Hisseye yönelik kooperatife tüm ödemeleri yapmış olduğunu, hiçbir edimi kalmadığını, daire ve işyeri sahibi olan diğer üyelerle eşit durumda bulunduğunu ispatlaması gerekmektedir. Bu konuda sonuca ulaşılabilmesi için kooperatif kayıtlarının incelenmesi gerekmektedir.
Bu durumda mahkemece re’sen seçilecek kooperatif konusunda uzman bir bilirkişi marifetiyle kooperatif kayıtları üzerinde inceleme yaptırılarak 1163 sayılı Kooperatifler Kanunu 23. maddesinde karşılığını bulan eşitlik kuralı da gözönünde bulundurulmak suretiyle davacının borcu bulunup bulunmadığının, bir başka deyişle, tapu kaydının iptali ve davacı adına tescili için davacının ödemesi gereken bir miktar olup olmadığının, kendisiyle aynı durumda bulunan diğer ortaklara tapu verilip verilmediğinin belirlenmesi ve sonucuna göre bir karar verilmesi gerekirken, eksik incelemeye dayalı, yazılı şekilde karar verilmesi doğru görülmemiştir.
Öte yandan, 1163 sayılı Kooperatifler Kanunu’nun 23. maddesi hükmü uyarınca, ortaklar hak ve yükümlülüklerde eşit konumdadırlar.
Yönetim kurulu bu ilkenin dışına çıkmak istediği takdirde, bu hususu, genel kurul gündemine alarak, genel kurulun tartışmasına açıkça sunması gerekmekte veya genel kurulun yapılan uygulamayı açıkça ya da zımnen benimsemesi icap etmektedir.

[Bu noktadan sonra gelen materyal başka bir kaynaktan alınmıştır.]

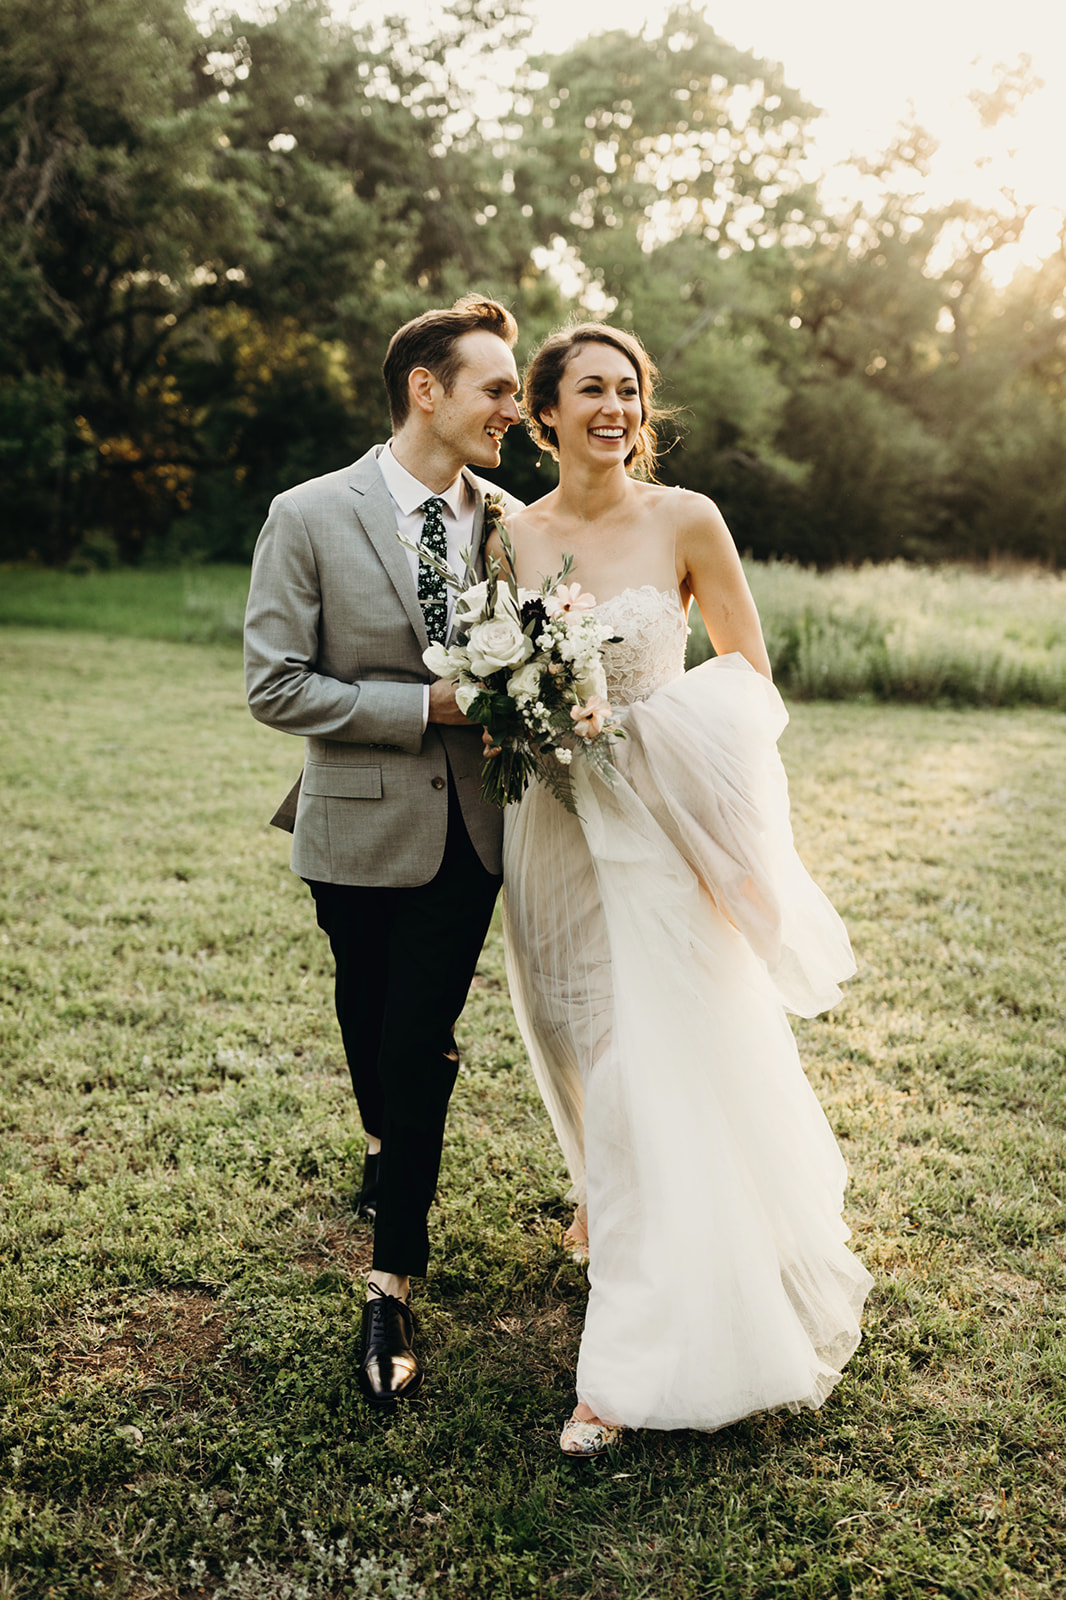 austin-wedding-lindsey-bryce-505.jpg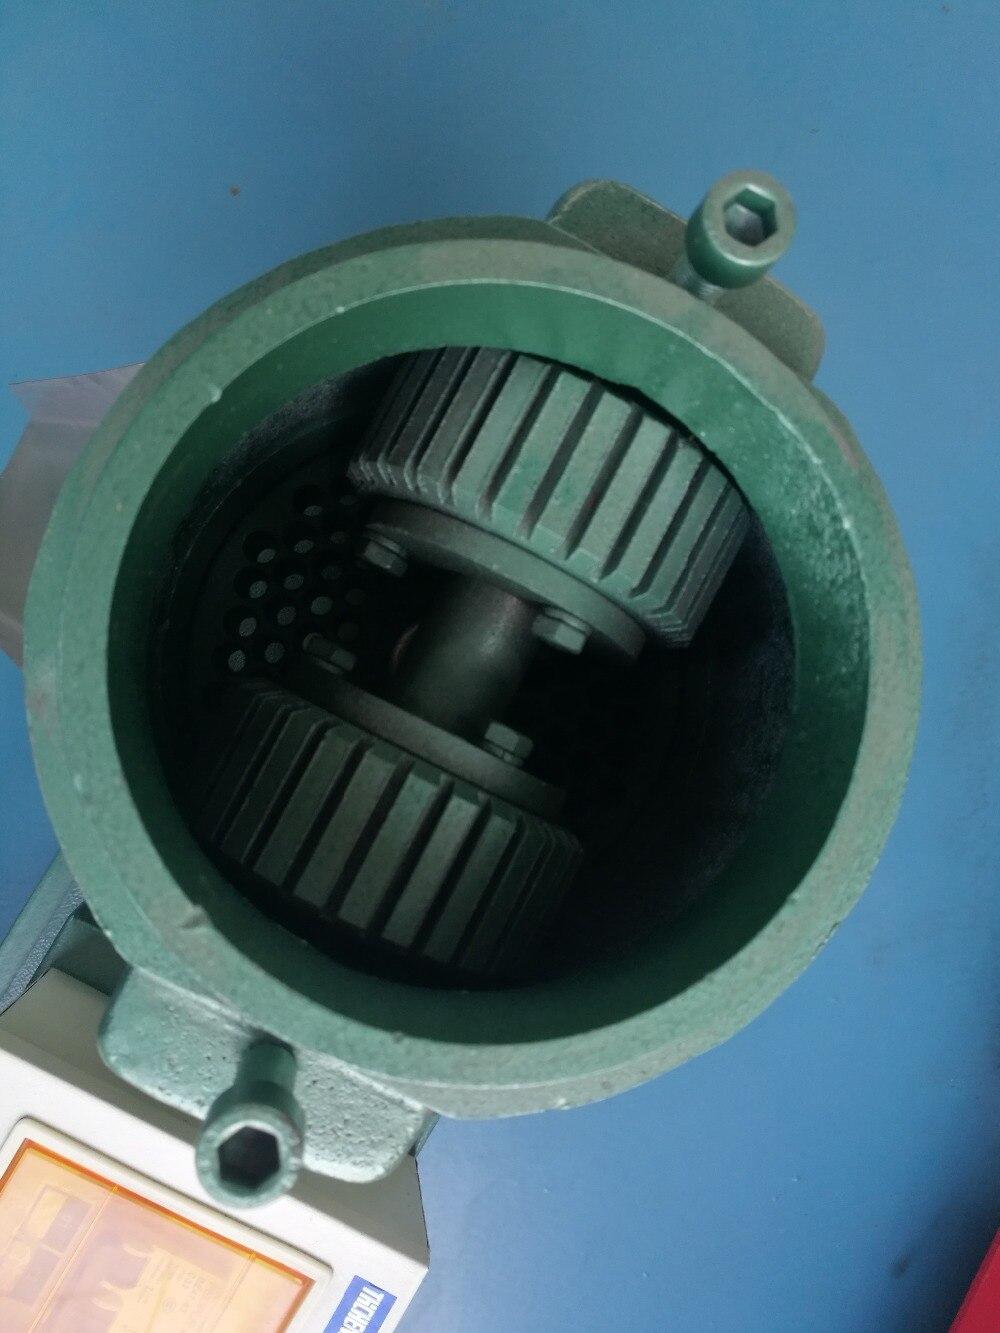 5 Mm And 8 Mm Diameter Die Mould Matrix Of KL120 Pellet Pressing Mill

Bu nedenle, sabit ve peşin aidat ödemek suretiyle ortaklığa alınmadaki bu usule uyulmamışsa, böyle bir ortağın (devam eden inşaatların finansmanına katılımı için) üyelik aidat yükümlülüğü devam eder. Açıklanan usule uyulmuşsa, ortaklığa alınmadaki bu farklılık, ortaklığa alındıktan sonra üyelik aidatı istenmesini mümkün kılmaz ise de kooperatifin amacına ulaşıncaya kadar yapılan genel yönetim ve alt yapı giderlerinden ortağın sorumluluğu devam eder. Genel kurulca açık yetki verilmedikçe ya da benimsemedikçe 1163 sayılı Yasa’nın 23. maddesine aykırı şekilde yönetim kurulunun diğer ortaklardan farklı statüde ortaklığa kabul kararı vermesine veya akçalı konularda bir ortağı farklı statüde konumlandırmasına geçerli hukuki sonuç bağlanamaz.